April Sees Industrial Production Decelerate to an Eight-Month Low

Industrial Output Growth in India Slows to 2.7% in April 2025

In April 2025, India’s industrial output growth experienced a notable slowdown, reaching just 2.7%, marking the lowest rate in eight months. This decline was attributed to weakening performance in the manufacturing, mining, and electricity sectors. While capital goods saw a substantial increase of 20.3%, the mining sector faced a slight contraction of 0.2%. Analysts have pointed to unseasonal rainfall, base effects, and global economic uncertainty as significant factors contributing to this decline.

Despite the overall slowdown, certain manufacturing sectors saw positive growth. Notably, production in the computer and electronics sector increased by 10.5%, electrical equipment by 15.2%, machinery by 17%, motor vehicles by 15.4%, and metal products by 12.7%. The industrial output growth dropped sharply from an upwardly revised 3.9% in March and 5.2% in the same month last year, with all three sectors comprising the Index of Industrial Production (IIP) facing reductions. This reduction marks the lowest growth rate since August of the previous year, which had recorded flat growth.

For context, in February, the IIP growth was slightly higher than April’s at 2.71%. The manufacturing sector, which holds a weight of 77.6% in the index, registered a modest growth of 3.4% in April compared to 4% in March. Electricity production, which accounts for 7.9% of the IIP, increased by only 1.1% in April, a significant drop from the 7.5% recorded in March. Conversely, the mining sector, holding a weight of 14.3% in the index, contracted by 0.2% in April after a growth of 1.2% in March.

Within the manufacturing domain, the production of coke and refined petroleum products decreased by 2.1%, while chemicals and pharmaceuticals saw declines of 3.6% and 3.9%, respectively. Nevertheless, it is noteworthy that the number of sectors exhibiting positive growth in April reached a three-month high of 16, compared to 19 in January. However, these sectors collectively represented only 49.7% of the manufacturing index’s weight. Notably, just 11 of 23 sub-sectors experienced a year-on-year growth that surpassed the overall output growth for April 2025, indicating a skew in industrial performance.

According to use-based classifications, the capital goods sector demonstrated the strongest performance with a growth rate of 20.3% in April, up from 3.6% in March, signaling robust investment demand. Intermediate goods experienced a growth rate of 4.1% in April, an increase from 3.8% in March. Infrastructure and construction goods, which have consistently outperformed other sectors, recorded a growth of 4.0% in April, compared to a significant 9.9% in March. The consumer durables sector saw a decline in growth, dropping to 6.4% from 6.9%, while the sector overall reported a contraction of 1.7%, improving slightly from a previous decline of 4.0%. The primary goods sector, the largest by weight, decreased by 0.4% during the month after growing 3.9% in March.

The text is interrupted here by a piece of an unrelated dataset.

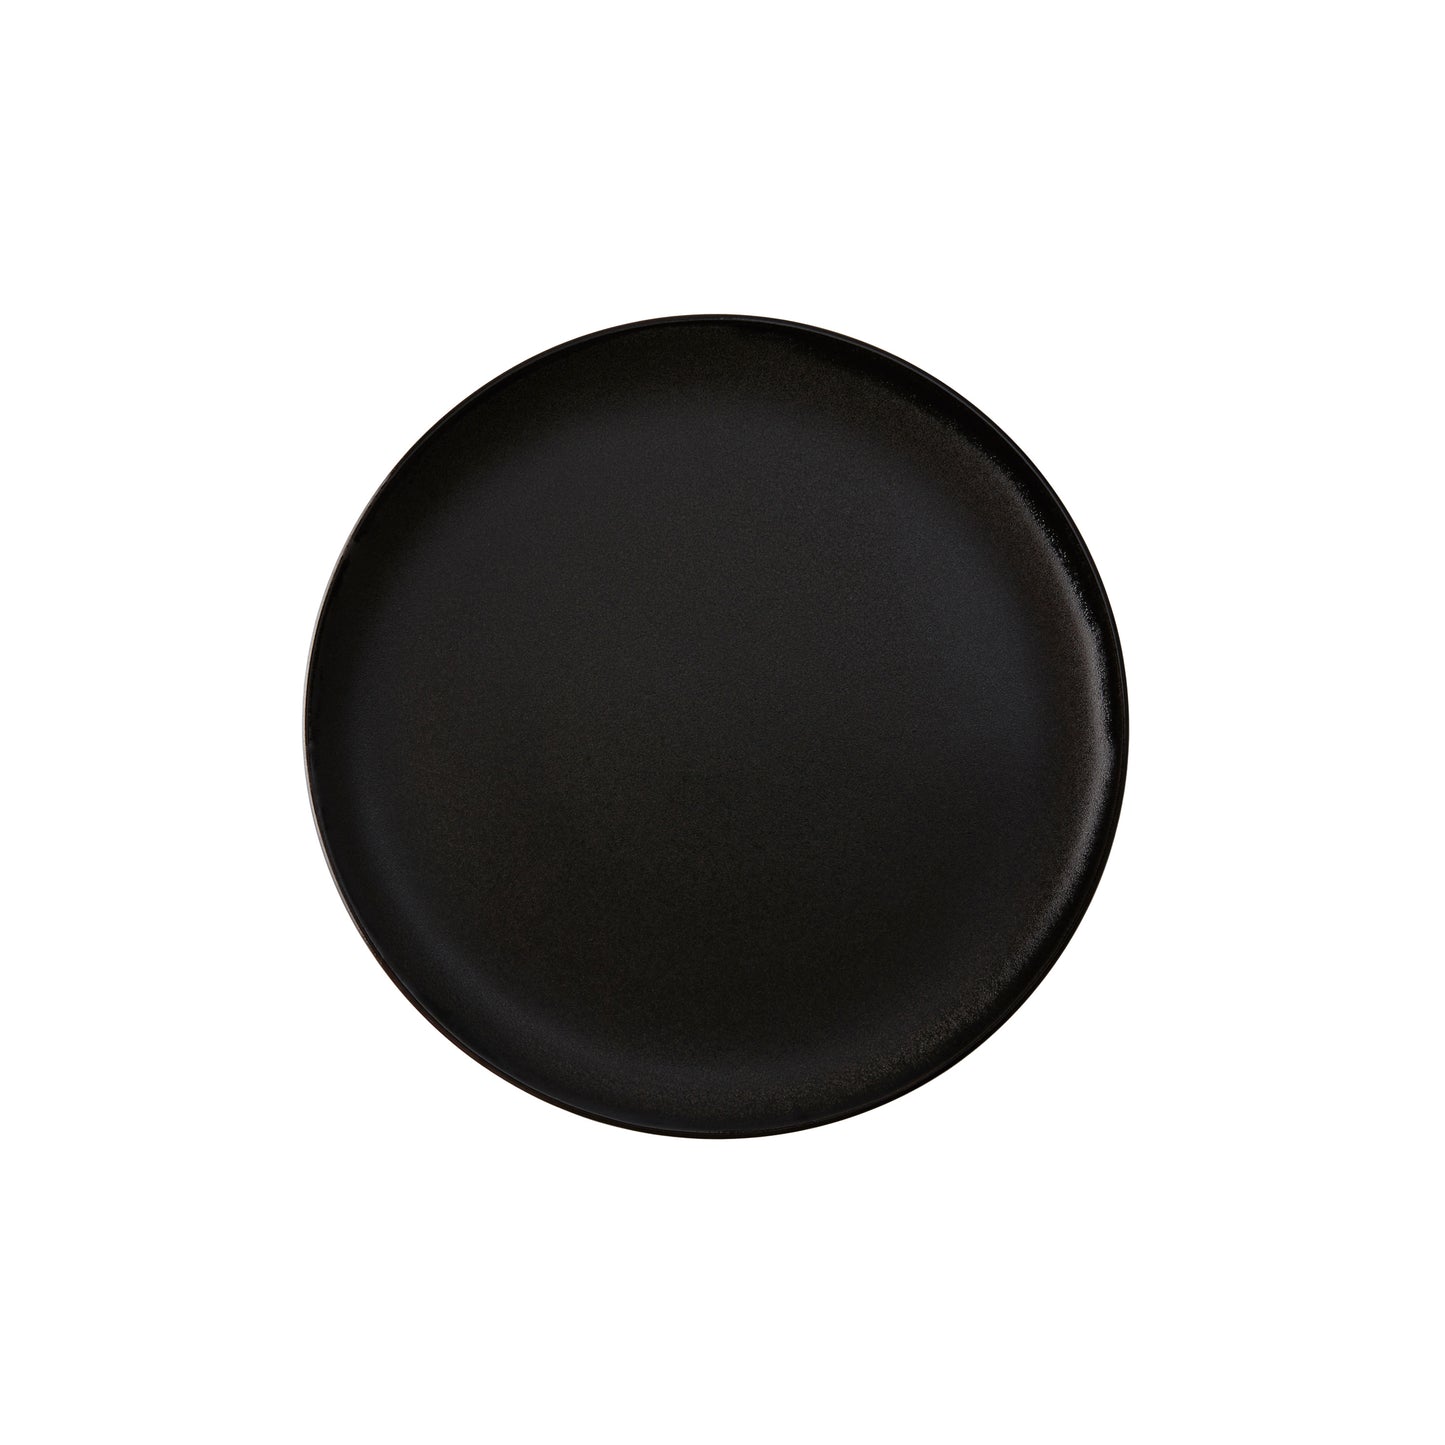 DIMM: Aida RAW diskur · 23 cm · Titanium black
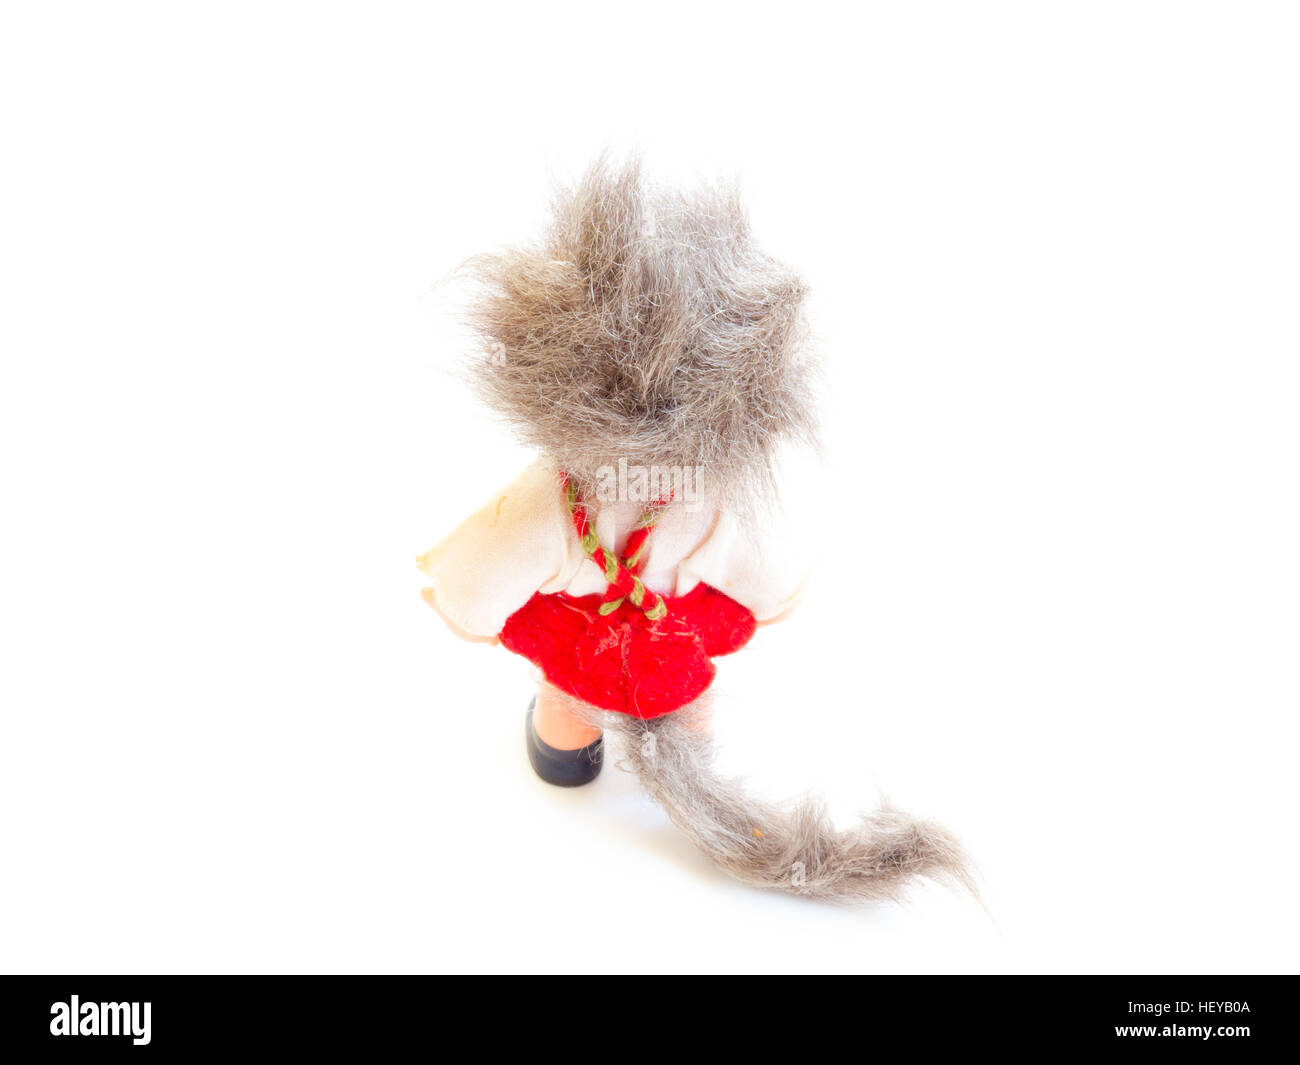 Die Miniatur Spielzeughund. Stockfoto

Economist Paras Jasrai commented on the situation, suggesting that unseasonal rains might also negatively affect output in construction goods. Coupled with an unfavorable base effect from May 2024’s 6.3% year-on-year growth, it is anticipated that factory output growth will remain below 2% year-on-year in May 2025. Rajani Sinha, chief economist at CareEdge Ratings, remarked on the ongoing global economic uncertainty, even though the US placed reciprocal tariffs on a 90-day hold. She noted that this situation is likely to dampen private investment and consumer spending hurdles. However, there are expectations for further rate cuts by the RBI, amid easing price pressures, which may provide some support to the economy.